WHAT IS EXPECTED:
Among the lines below, output only those between the line holding "Dulux Easycare Kitchen" and the line holding "Appropriate Nonna Stainless", inclusive, exactly as written and with no pictures.

MATERIAL PROVIDED:

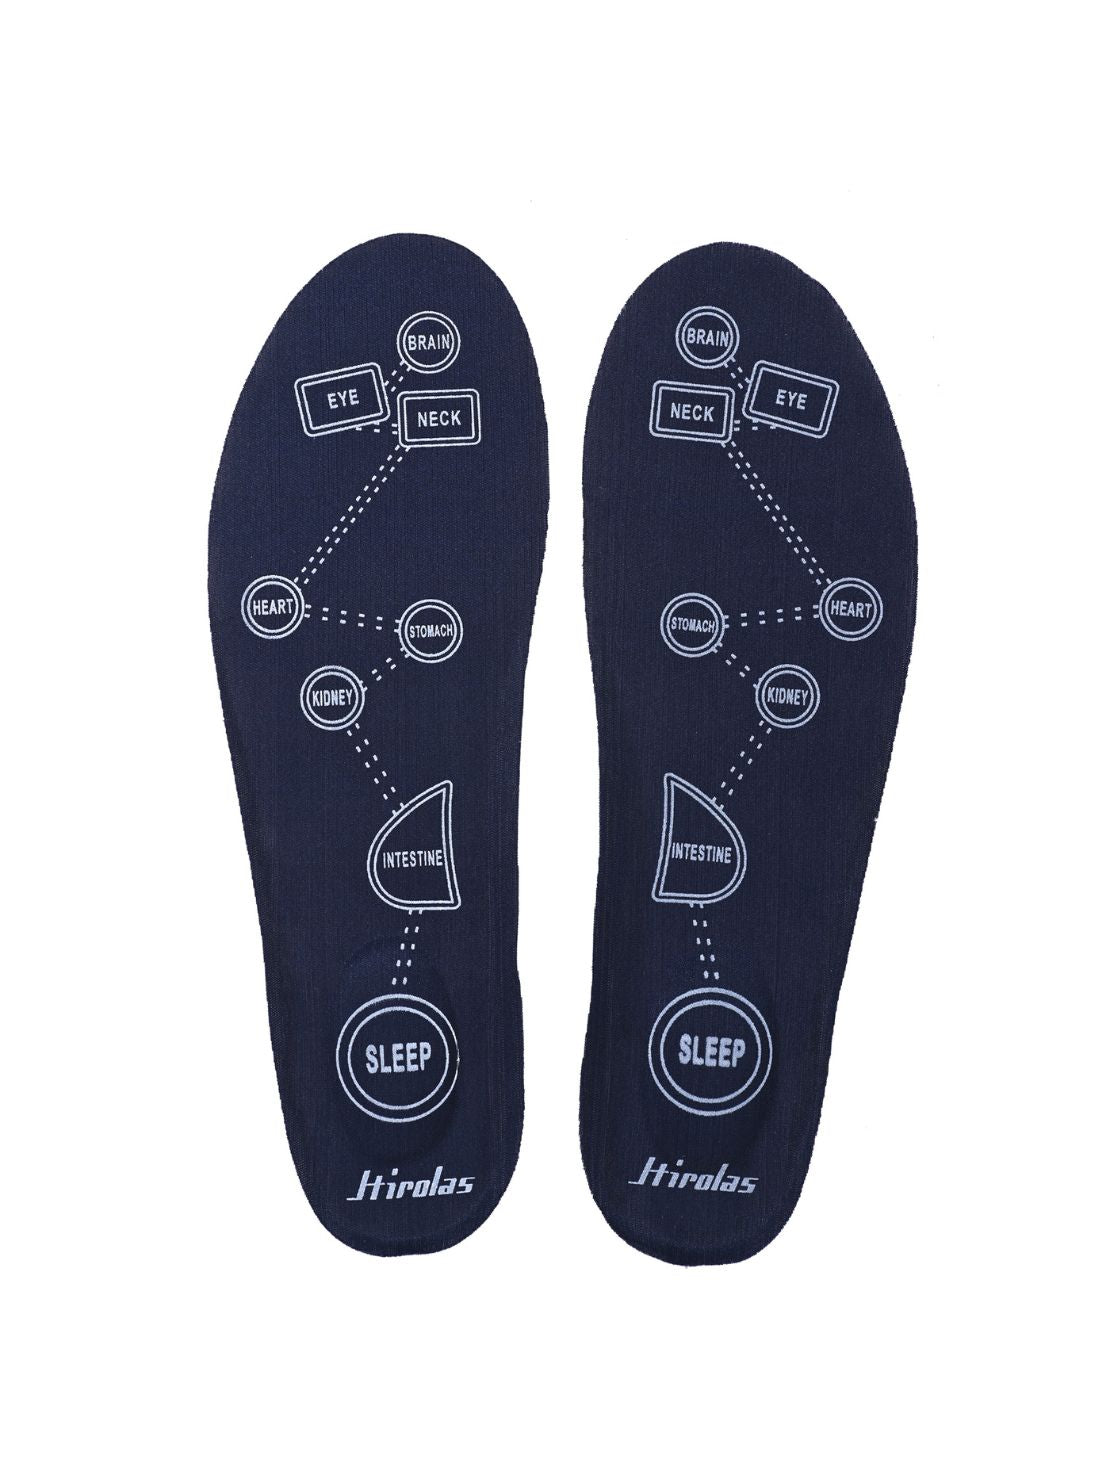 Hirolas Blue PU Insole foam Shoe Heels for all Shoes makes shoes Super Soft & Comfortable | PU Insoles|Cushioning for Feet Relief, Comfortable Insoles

--

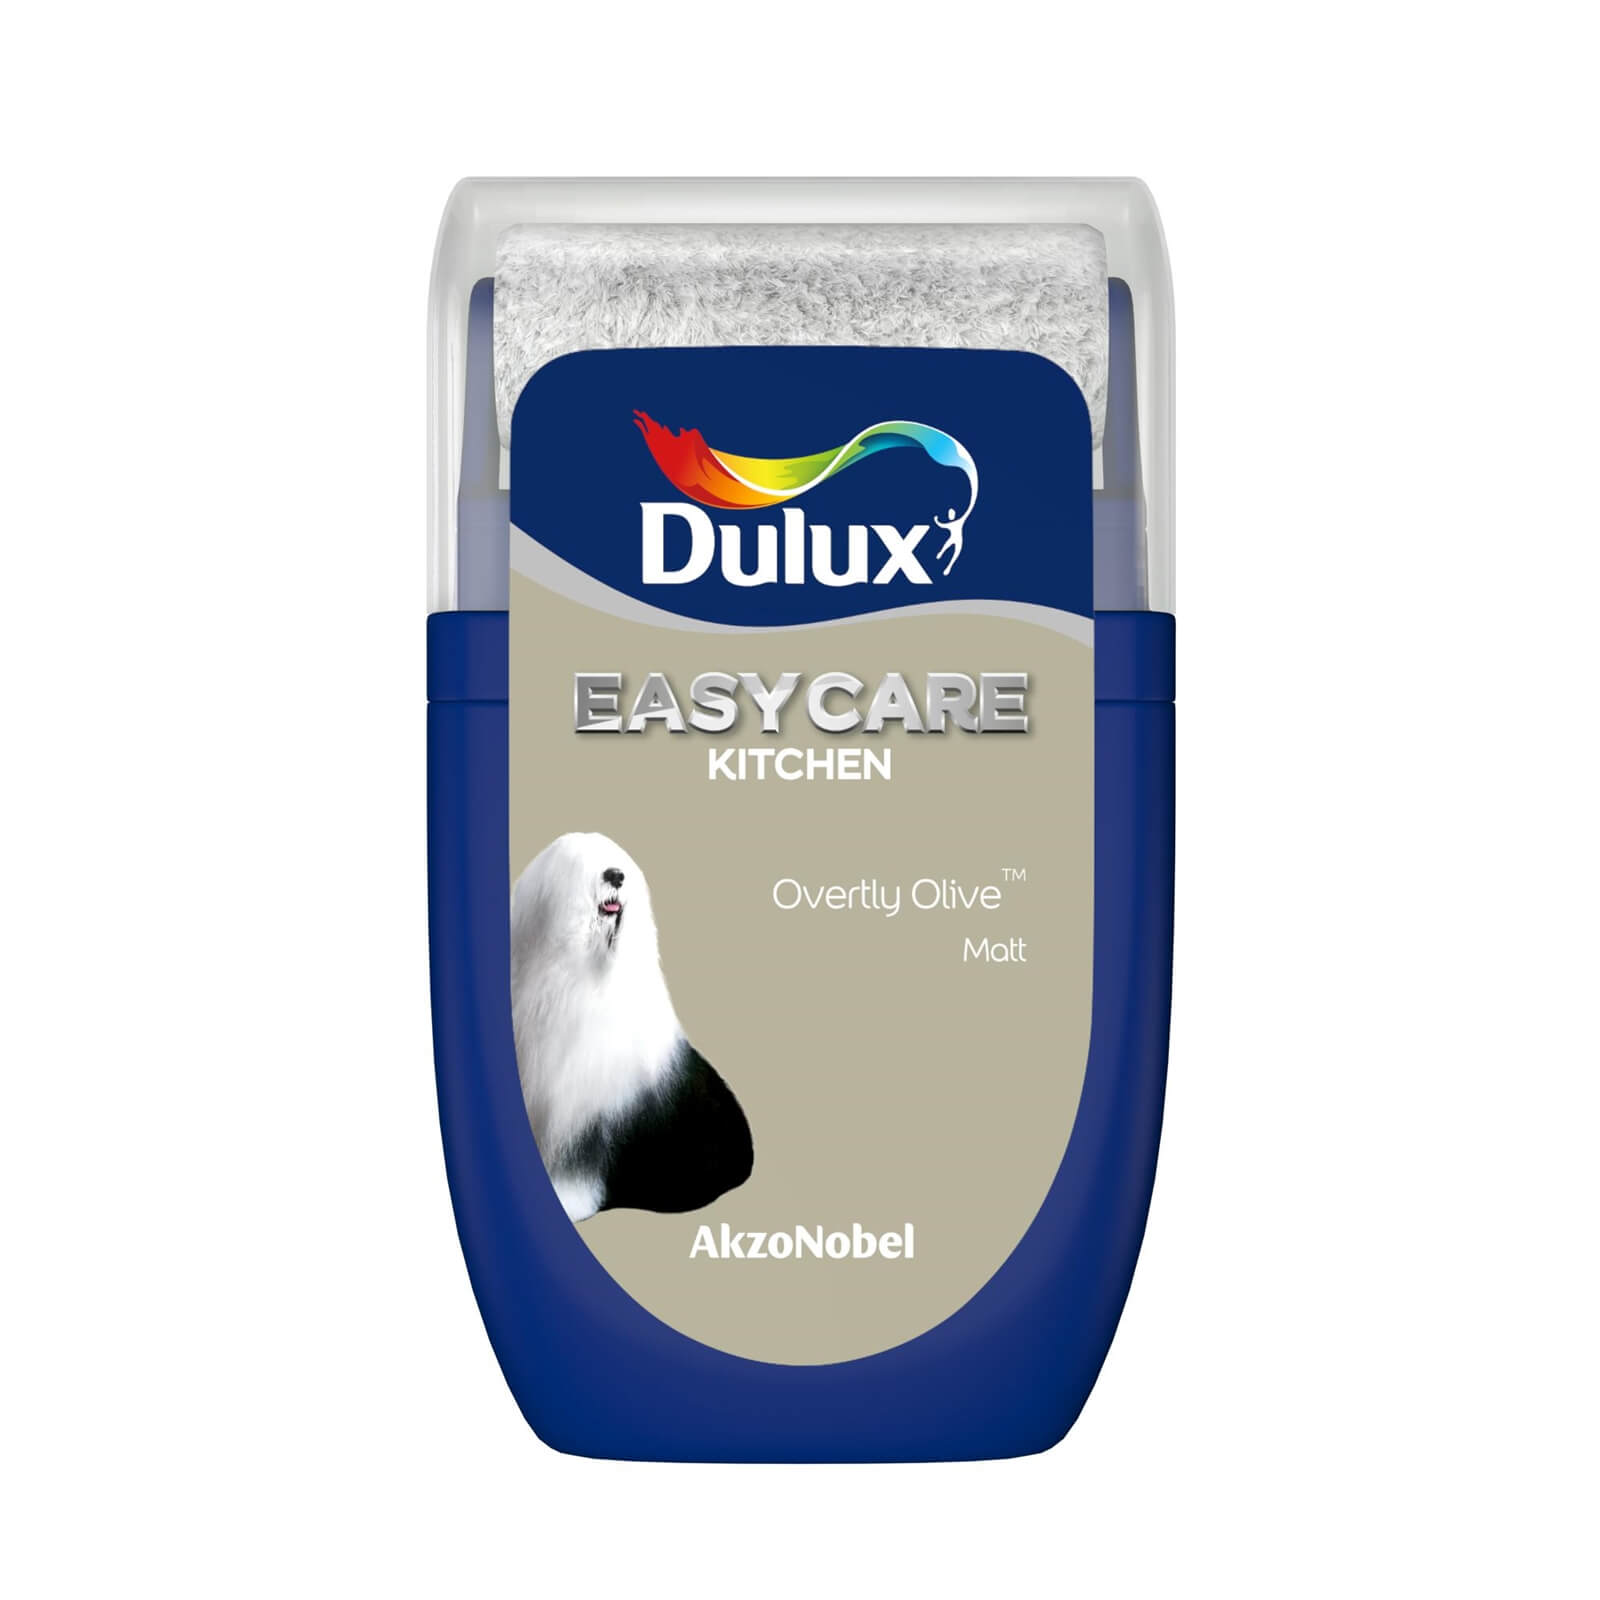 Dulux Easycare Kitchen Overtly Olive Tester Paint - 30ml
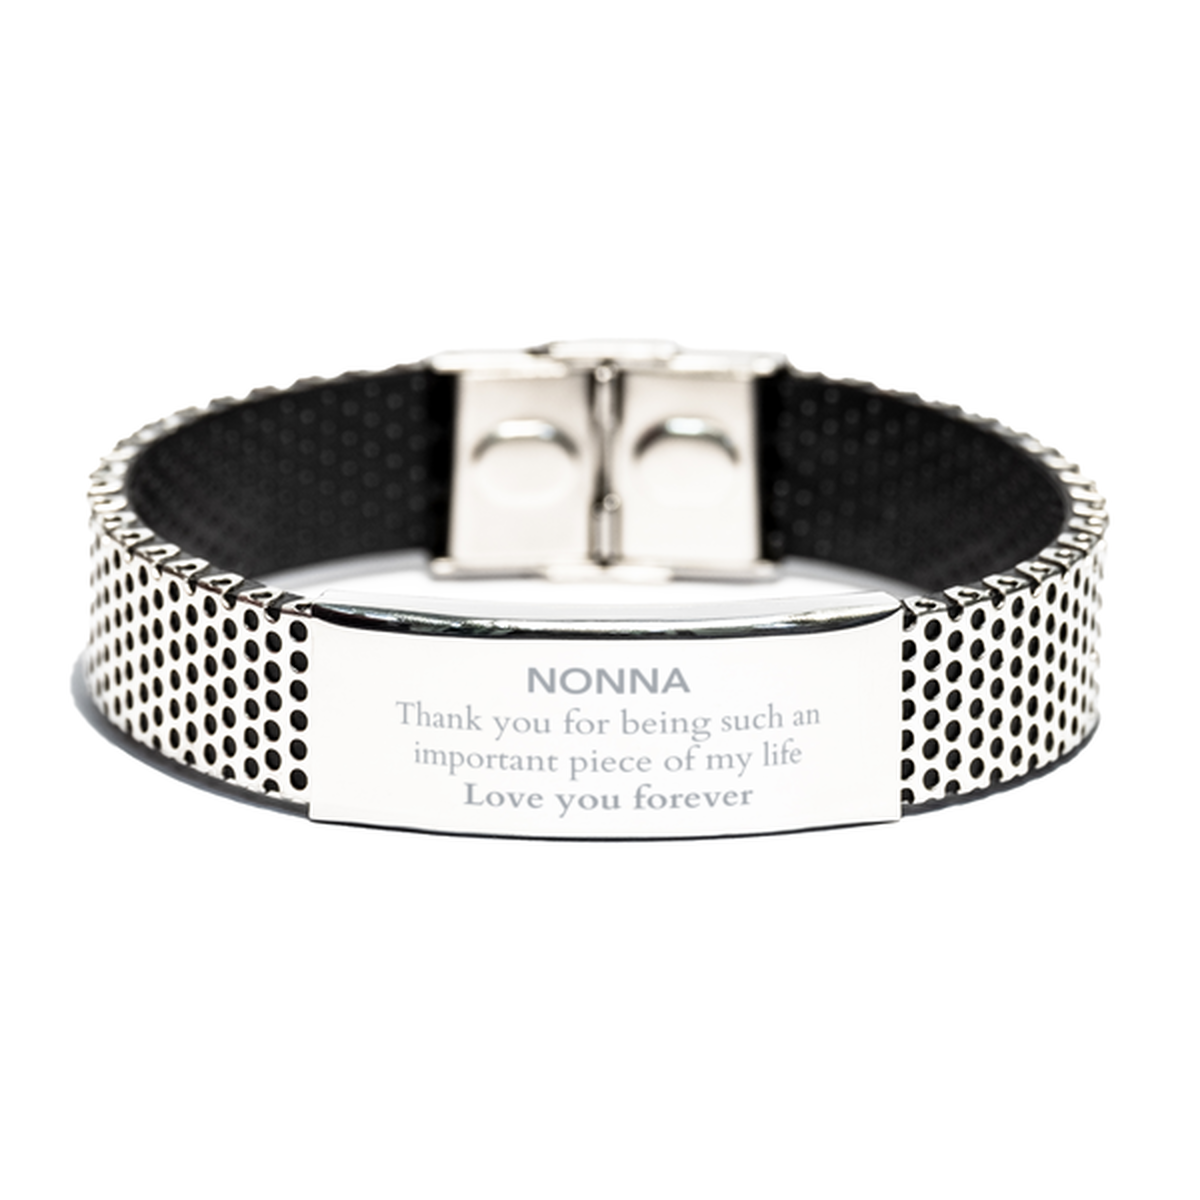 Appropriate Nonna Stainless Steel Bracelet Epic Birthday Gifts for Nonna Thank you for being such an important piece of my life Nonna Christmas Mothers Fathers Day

ANSWER:
 Dulux Easycare Kitchen Overtly Olive Tester Paint - 30ml
 Appropriate Nonna Stainless Steel Bracelet Epic Birthday Gifts for Nonna Thank you for being such an important piece of my life Nonna Christmas Mothers Fathers Day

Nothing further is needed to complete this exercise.